Task to complete: Lines before the one containing "Shower screens and" are not wanted; restate the rest below word for word, through the last line, but drop any pictures.

### Stored data

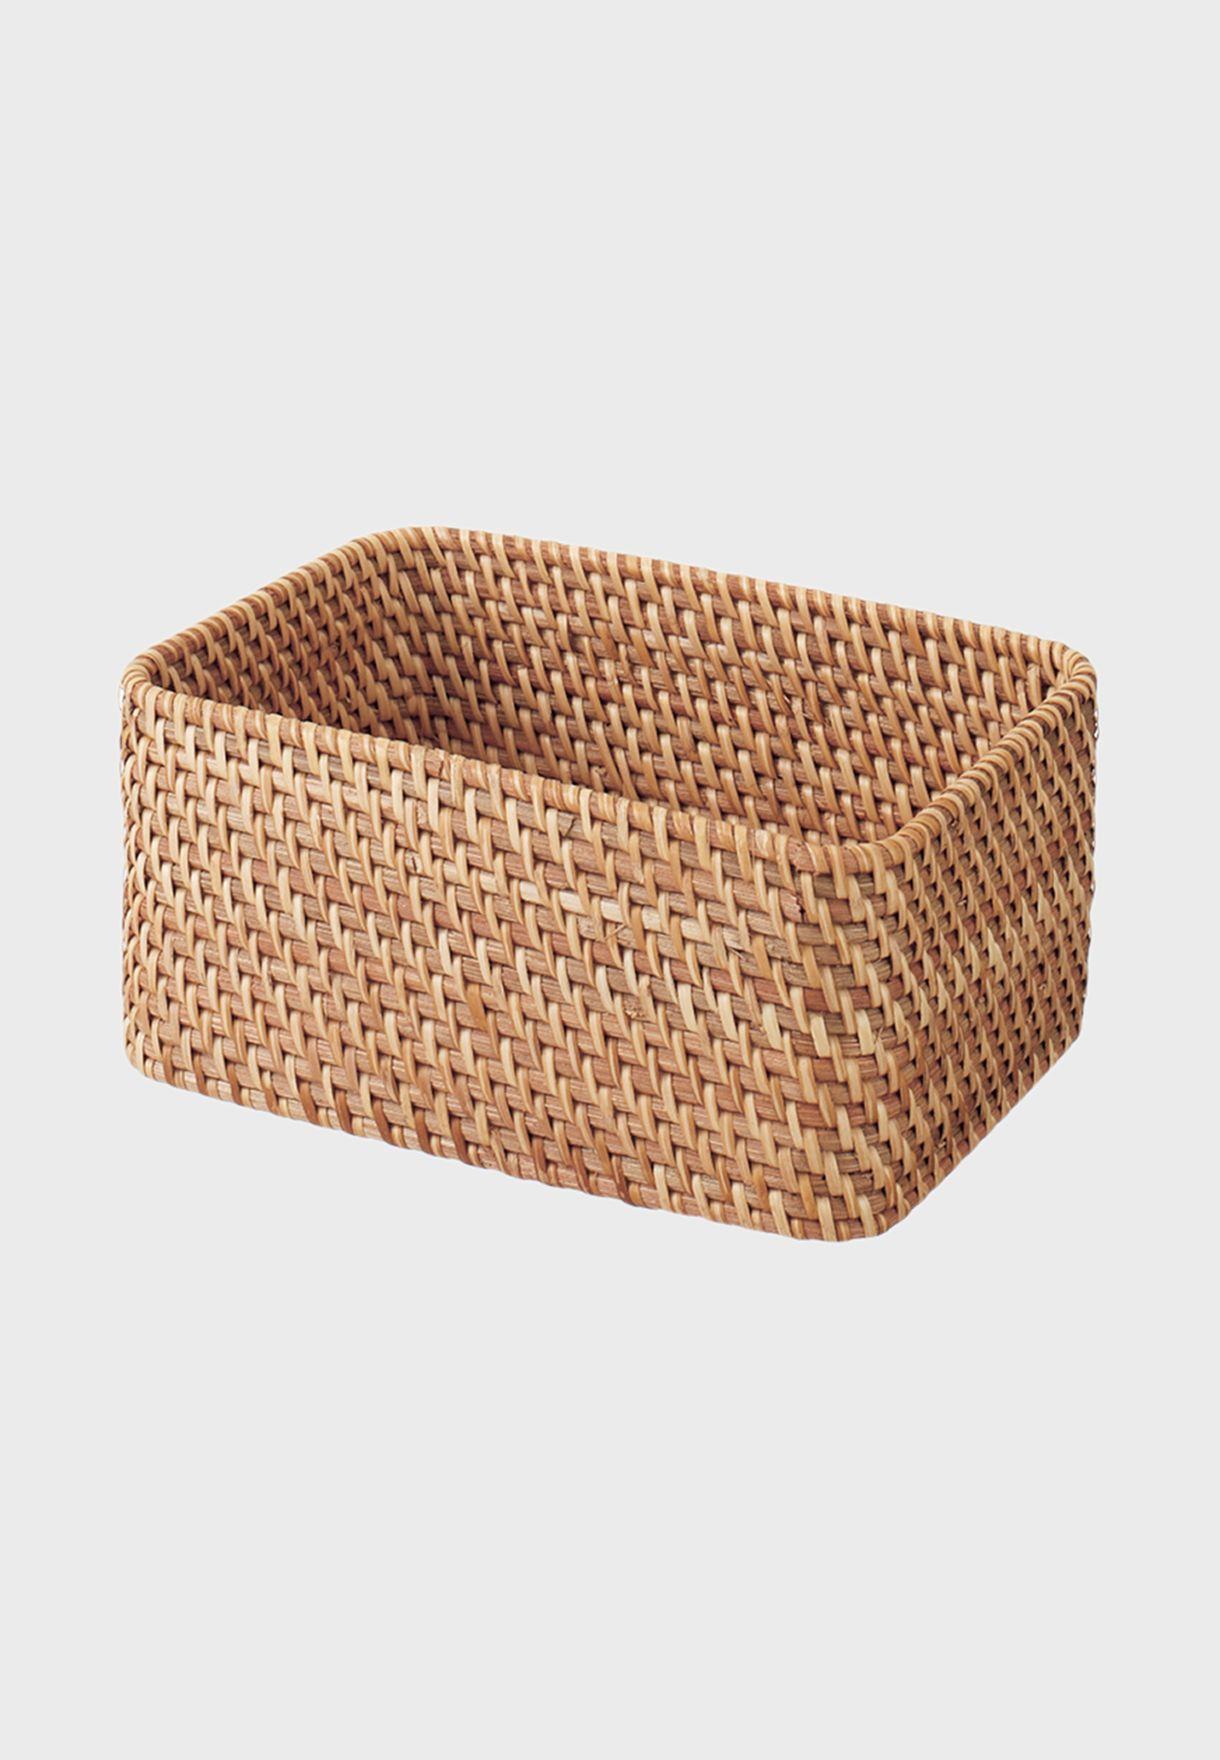 Stackable Rattan Box
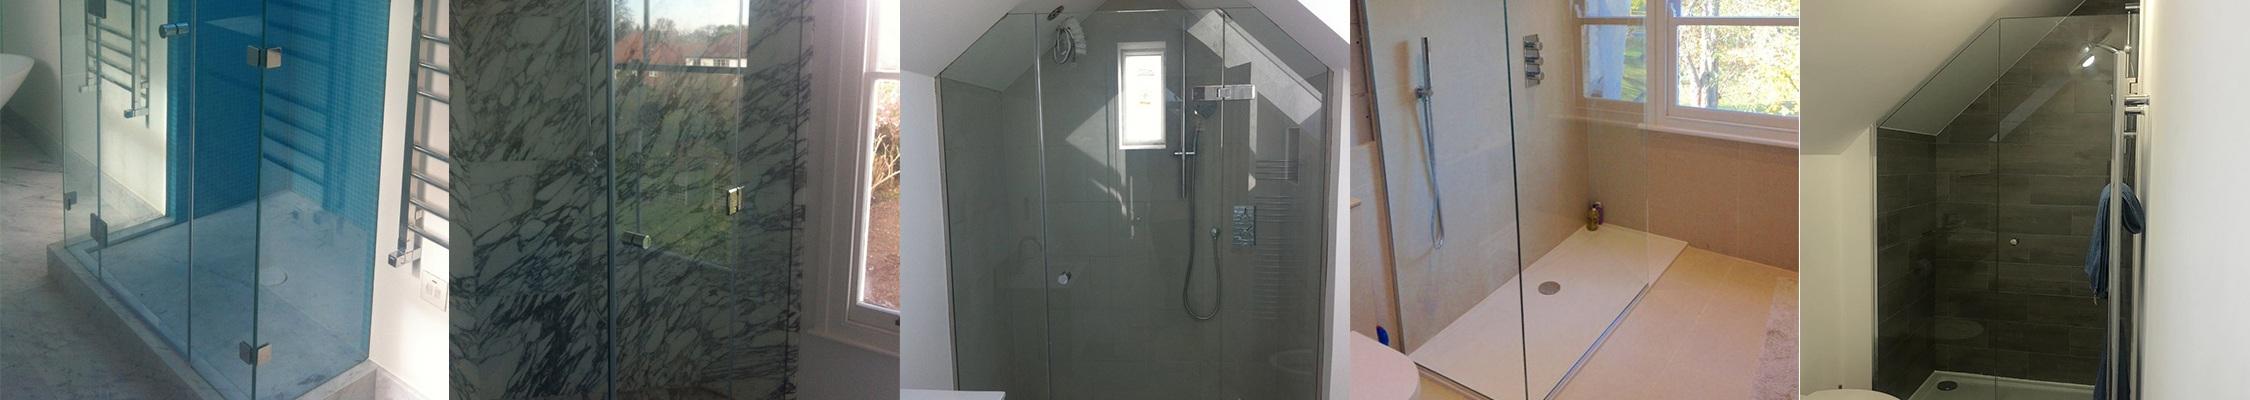 Shower screens and bathroom glazing installation
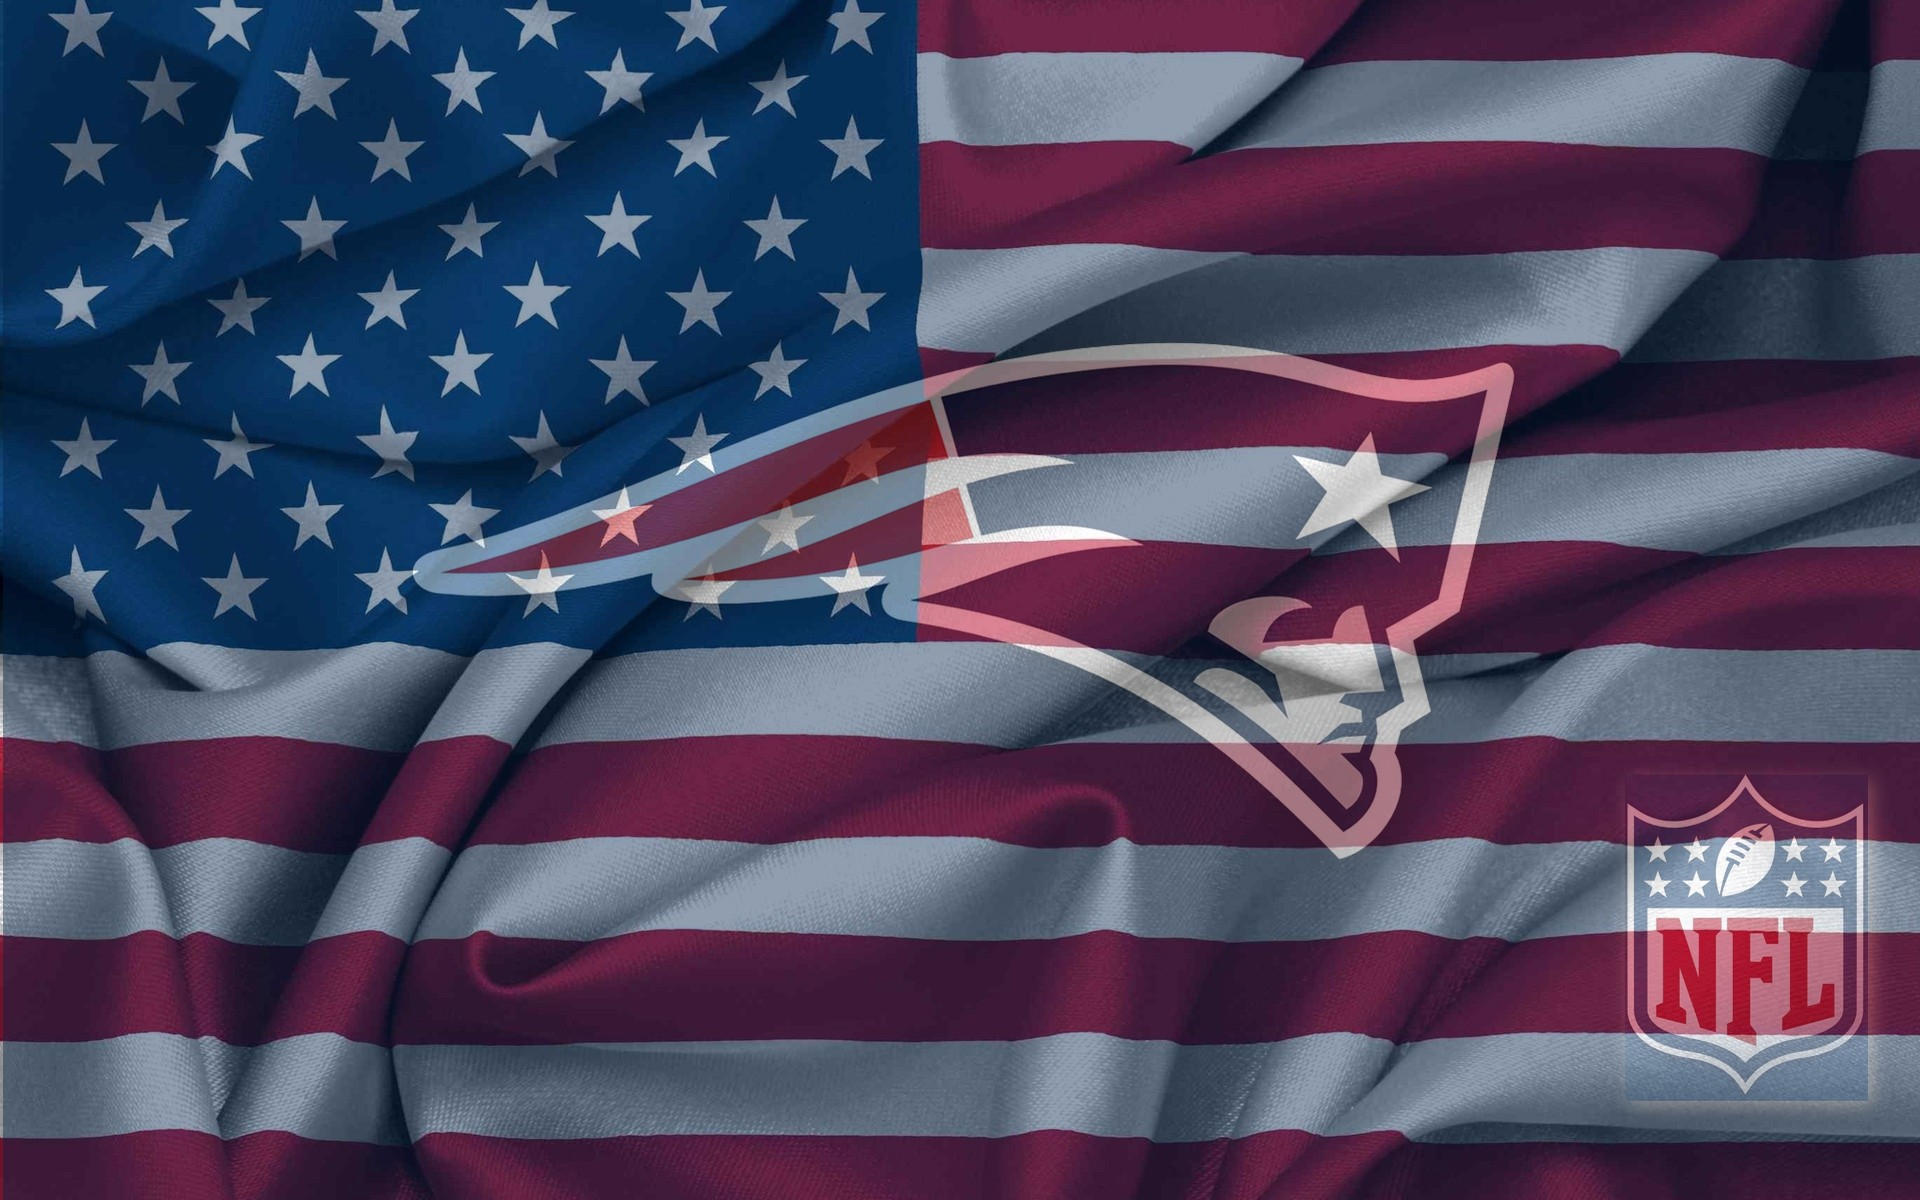 New England Patriots Logo With NFL Logo On USA Flag Wavy Canvas 1920x1200

######

Solution:
 Shower screens and bathroom glazing installation
 New England Patriots Logo With NFL Logo On USA Flag Wavy Canvas 1920x1200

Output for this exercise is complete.